Illusion of space, the compensation chamber

Heterotopias unfold a difference compared to the remaining space. Extreme heterotopia in this respect the space of illusion and the compensation chamber.

The illusion of space creates a reality within which the entire real space appears as still more illusory than the heterotopia itself As an example, Foucault describes the former brothels, which were perhaps because so famous because they created the perfect illusion of a "different " reality.

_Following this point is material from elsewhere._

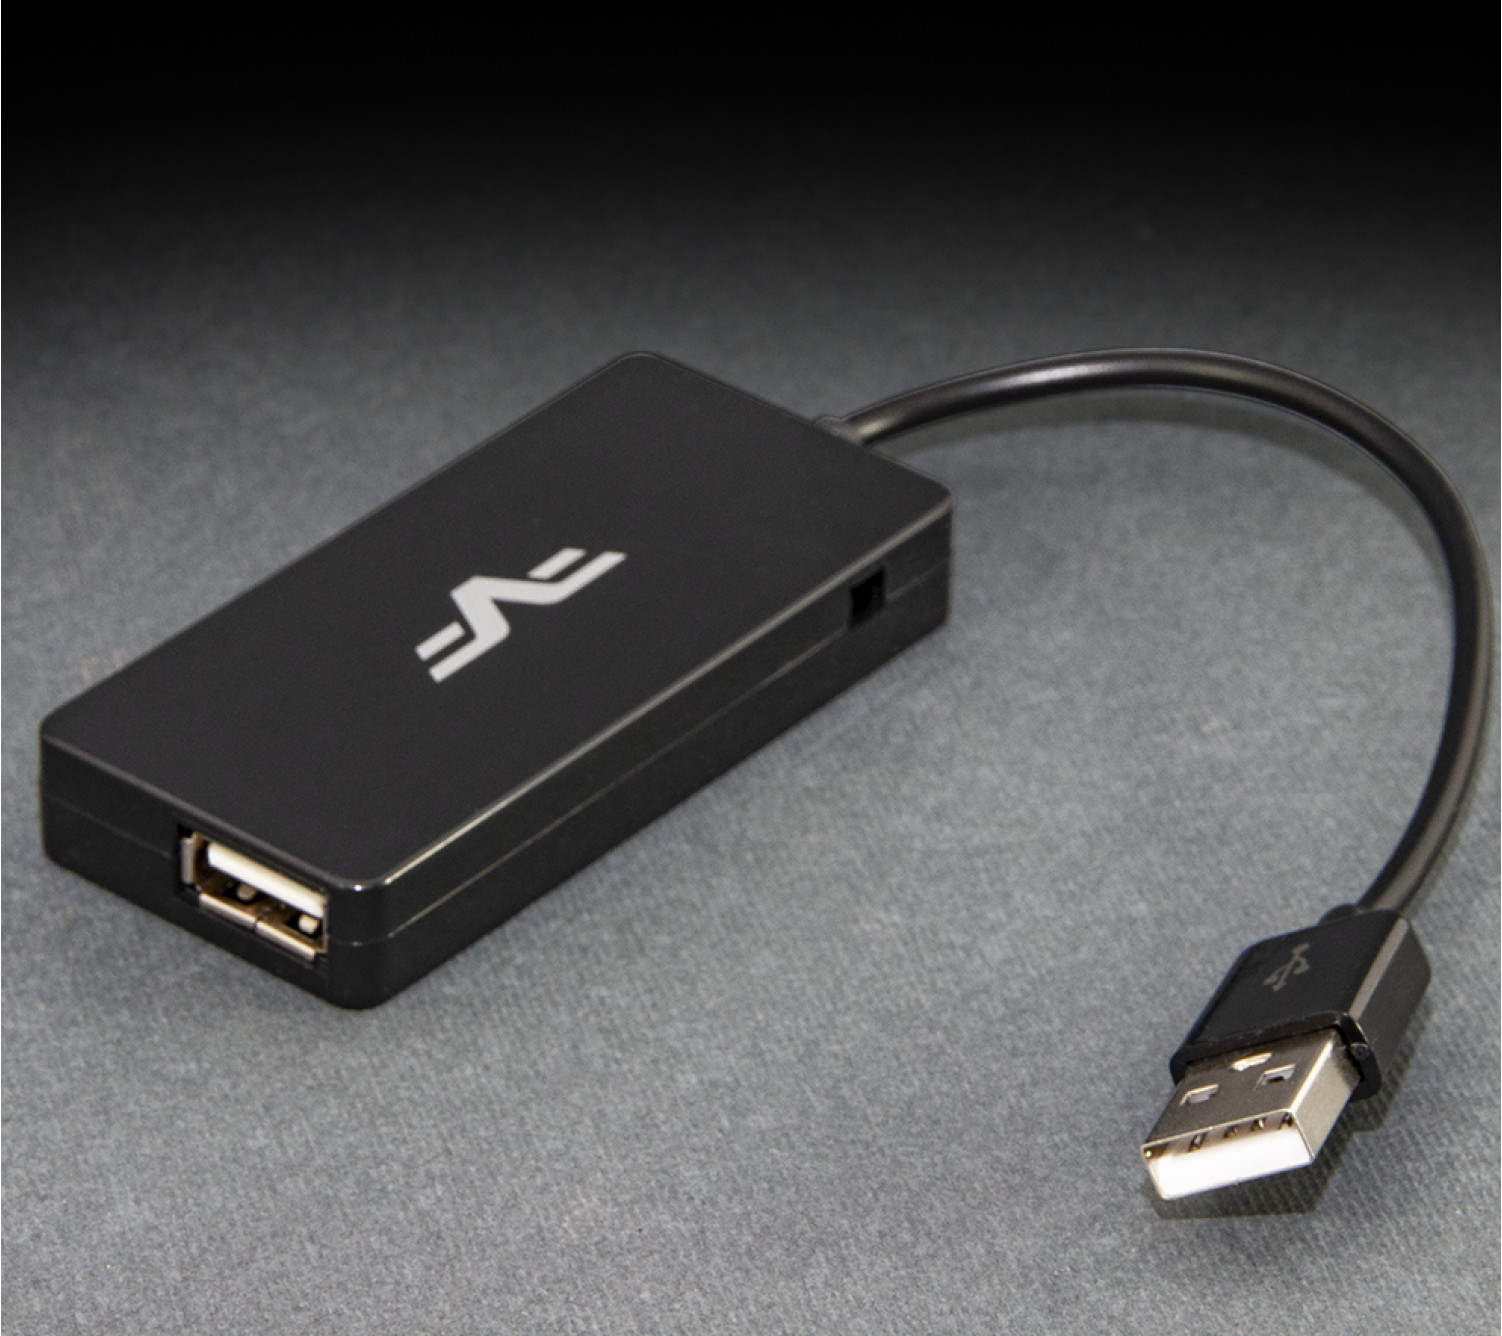 USB-хаб Frime 4-х портовый 2.0 Black (FH-20030)

The compensation chamber creates another "real" space, the perfect and well-ordered appears as the real space. As a compensation chamber could be - in addition to the cited by Foucault Jesuit colonies in South America - possibly even the kibbutz classify as a realized utopia that by their place in the world, at least their initial thoughts when the more perfect real space to appear.

Reception of the concept in science fiction

The SF writer Samuel R. Delany was referring to in his novel Triton to the concept of heterotopia in Foucault. The novel is subtitled: A heterotopic novel.